3.4. SpexNPV has limited effects on the mortality of fall armyworm

Following the discovery of SpexNPV in fall armyworm in Malawi and Rwanda, a bioassay was performed to determine the effects on fall armyworm. We did not observe any mortality in fall armyworm at any dose tested in this study (0 to 107 occlusion bodies per ml).

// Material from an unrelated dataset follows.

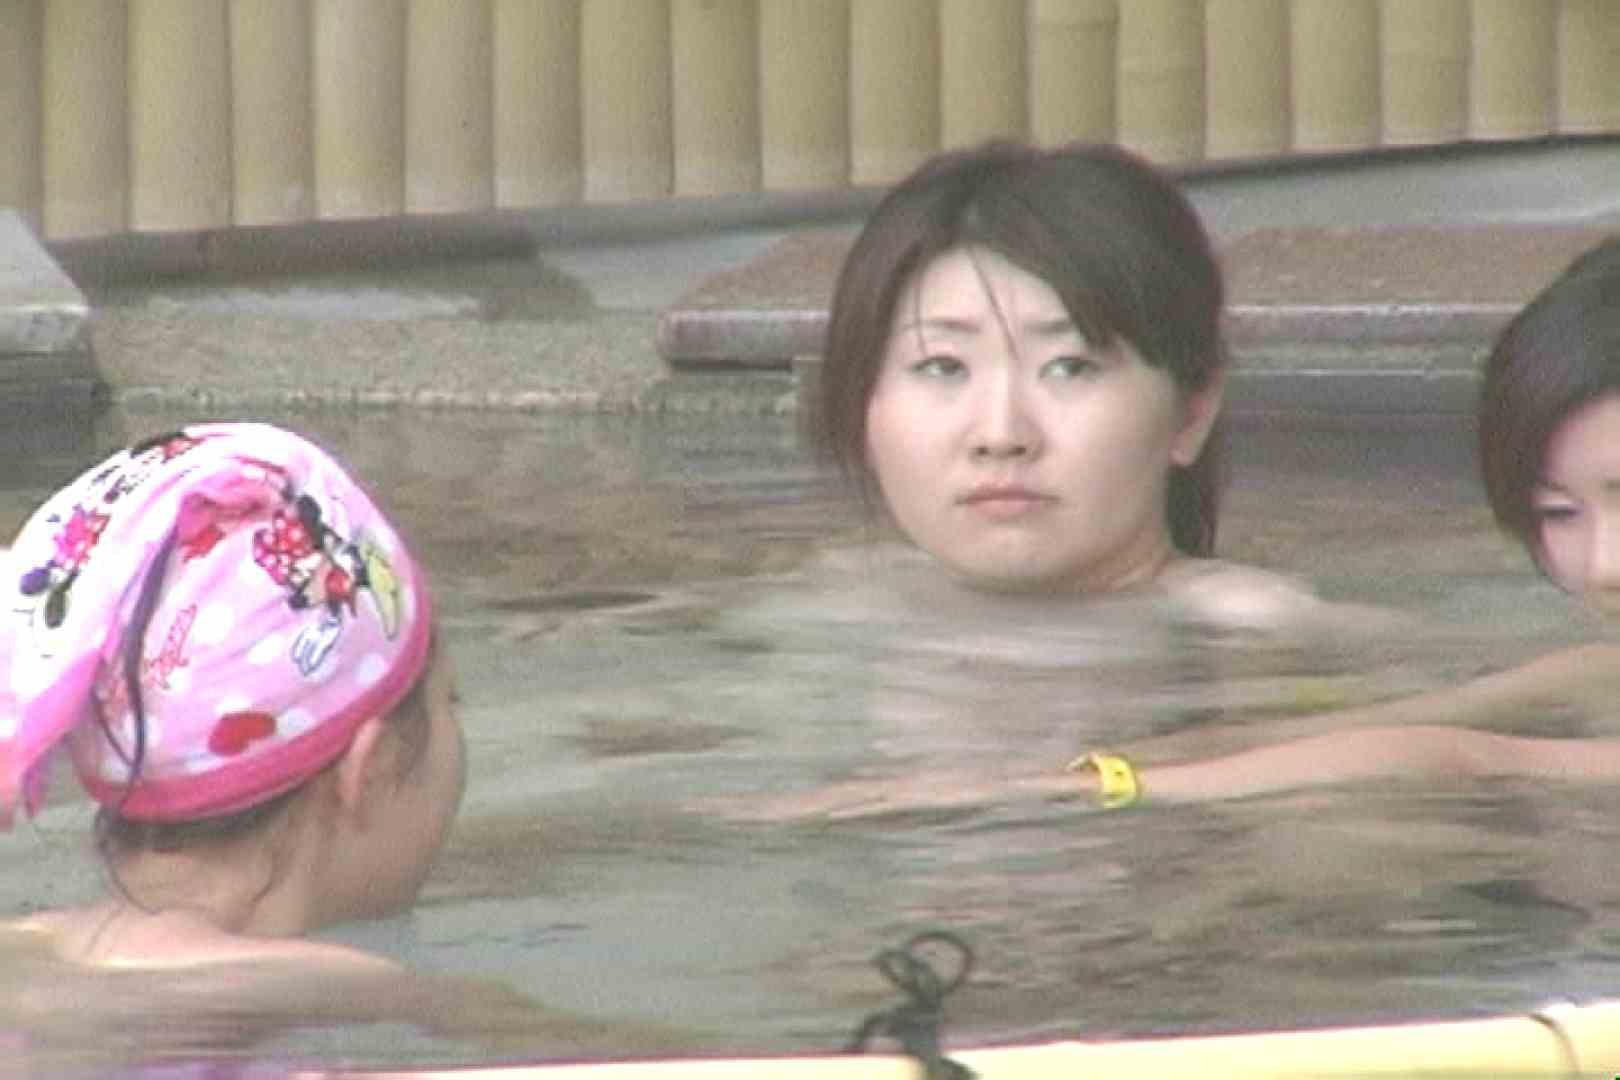 Aquaな露天風呂Vol.25 0 | 0  47連発 43

3.5. SfMNPV distribution is influenced by meteorological, geographical and temporal variables in Africa

There were strong correlations across the five variables assessed in this study (mean_temp, days_with_rain, elevation_m, day_since_growing_season and days_since_country), with absolute correlation coefficients, |r|, ranging between 0.162 and 0.905 (Figure S1). This was expected, as crop growing season is inextricably associated with rainfall and temperature, which in turn depends on geographical features such as elevation. Due to the strong correlations between multiple variables, a PCA was used to look at the differences between the countries where samples were collected, and how the distribution of SfMNPV (the most common microbe in African fall armyworm) might be linked to these variables.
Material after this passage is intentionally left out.